> [Required work]:
An exact copy is needed of the lines from the one that contains "グッチ GUCCI ネクタイ" through the final line of the data below, with pictures left out.

> [Dataset section]:
#####

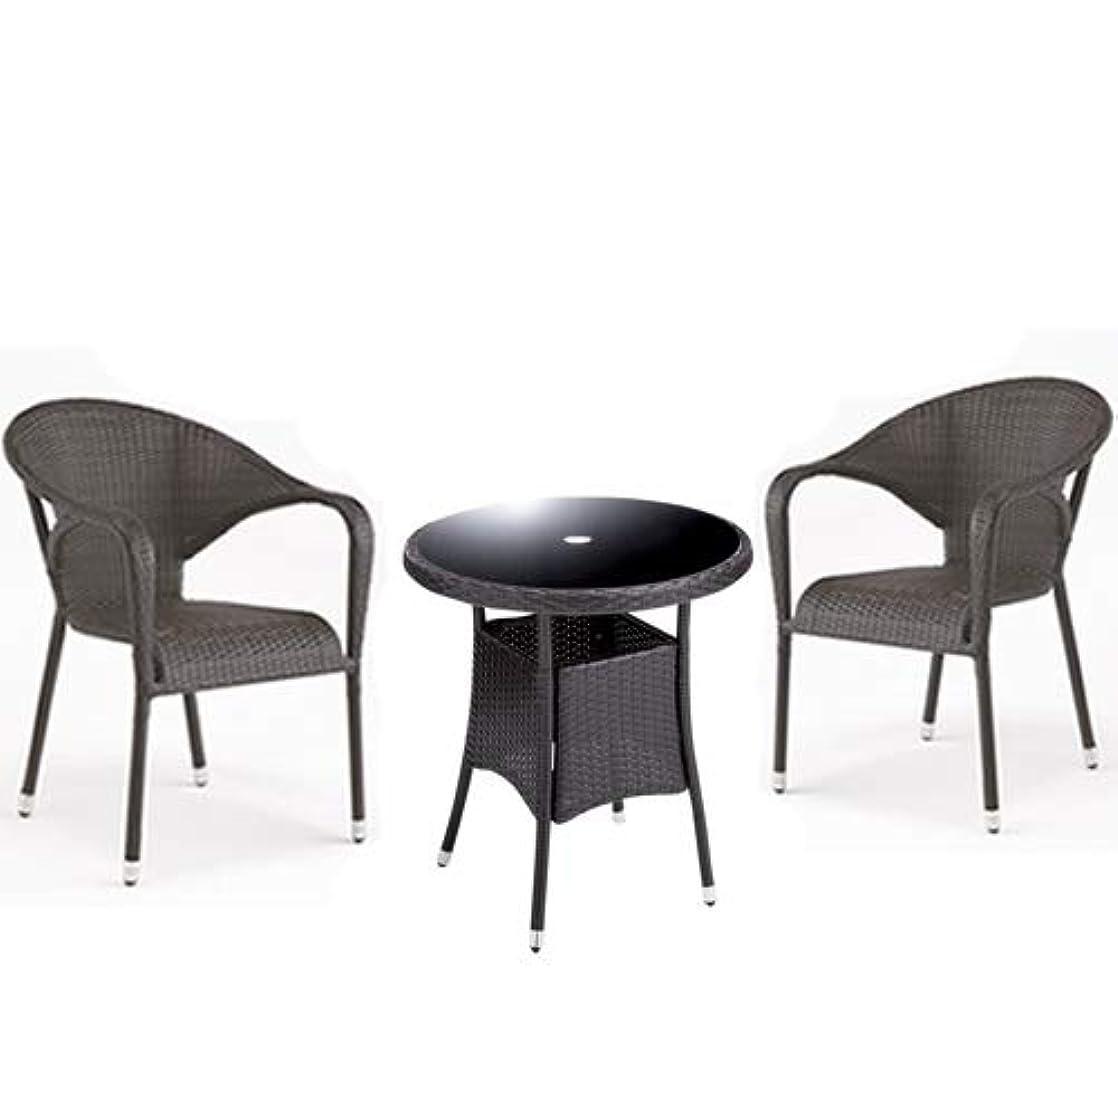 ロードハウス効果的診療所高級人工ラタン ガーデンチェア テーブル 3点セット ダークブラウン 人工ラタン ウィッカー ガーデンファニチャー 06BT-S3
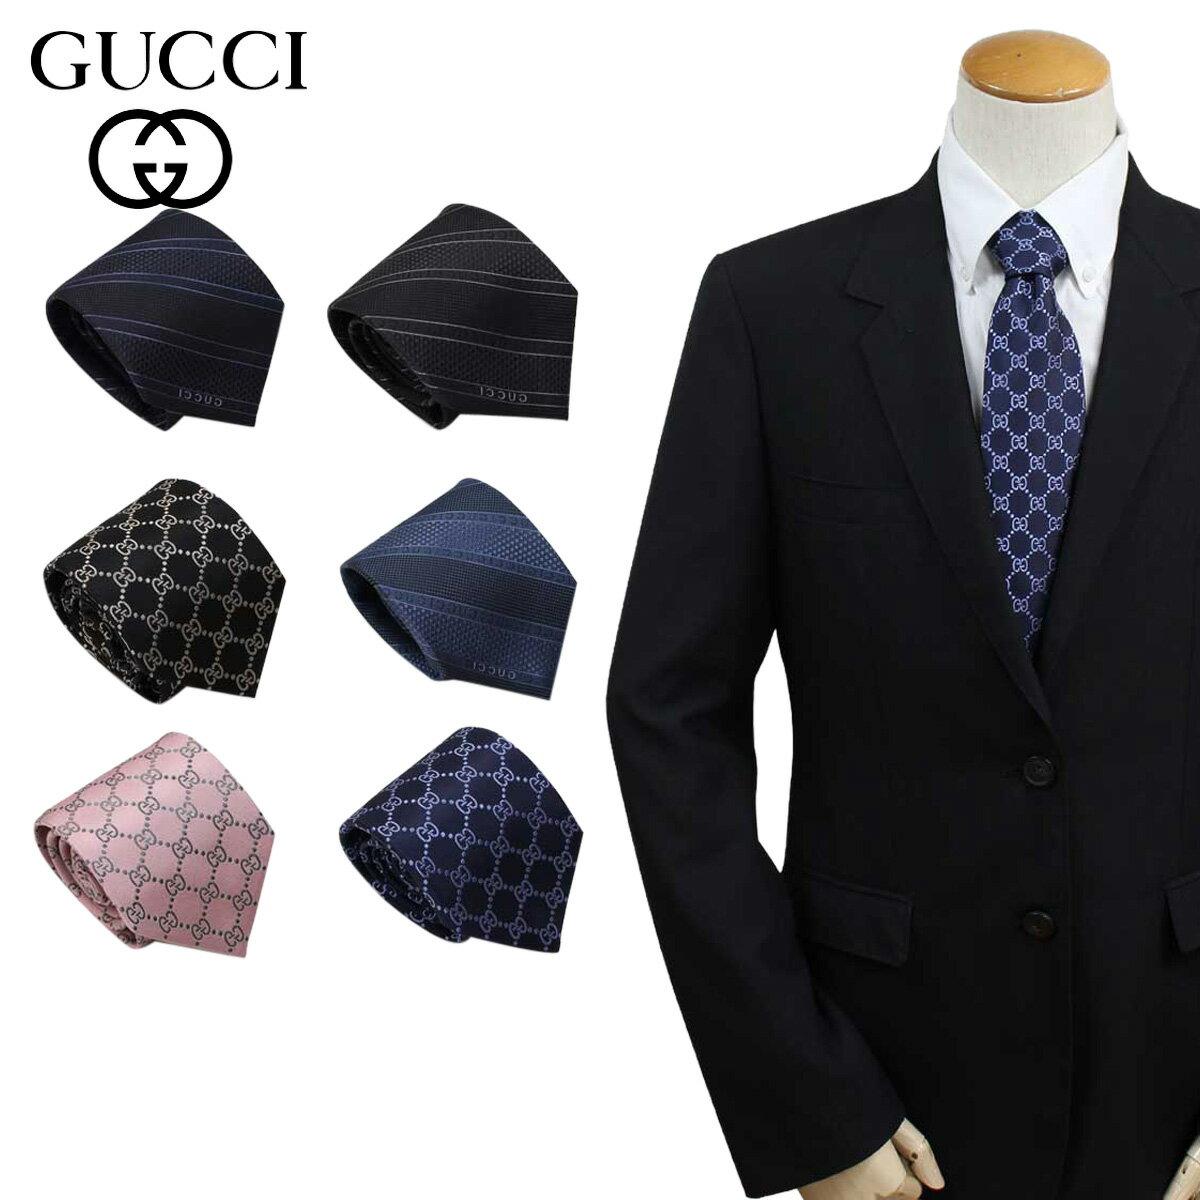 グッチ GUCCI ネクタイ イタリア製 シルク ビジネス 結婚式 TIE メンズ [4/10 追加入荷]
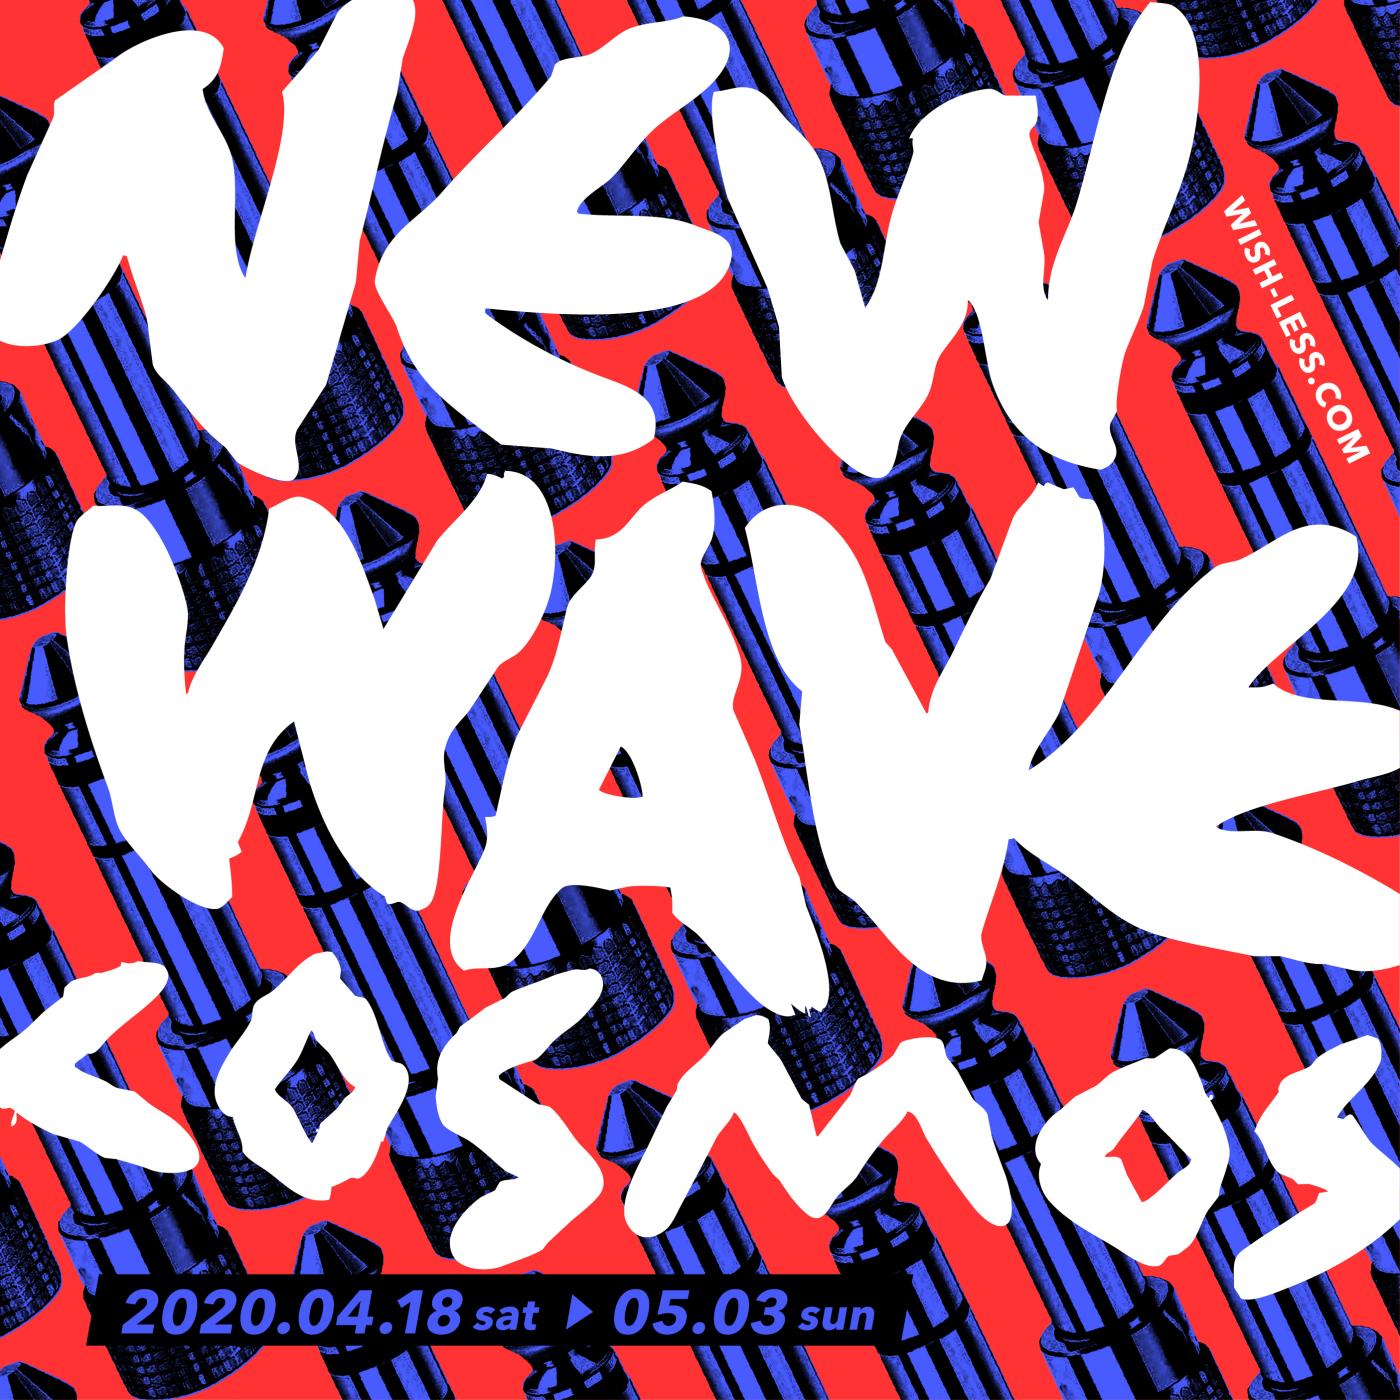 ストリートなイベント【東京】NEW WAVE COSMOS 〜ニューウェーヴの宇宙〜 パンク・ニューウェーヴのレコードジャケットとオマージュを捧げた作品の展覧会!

#####

> [Task solution]:
 グッチ GUCCI ネクタイ イタリア製 シルク ビジネス 結婚式 TIE メンズ [4/10 追加入荷]
 ストリートなイベント【東京】NEW WAVE COSMOS 〜ニューウェーヴの宇宙〜 パンク・ニューウェーヴのレコードジャケットとオマージュを捧げた作品の展覧会!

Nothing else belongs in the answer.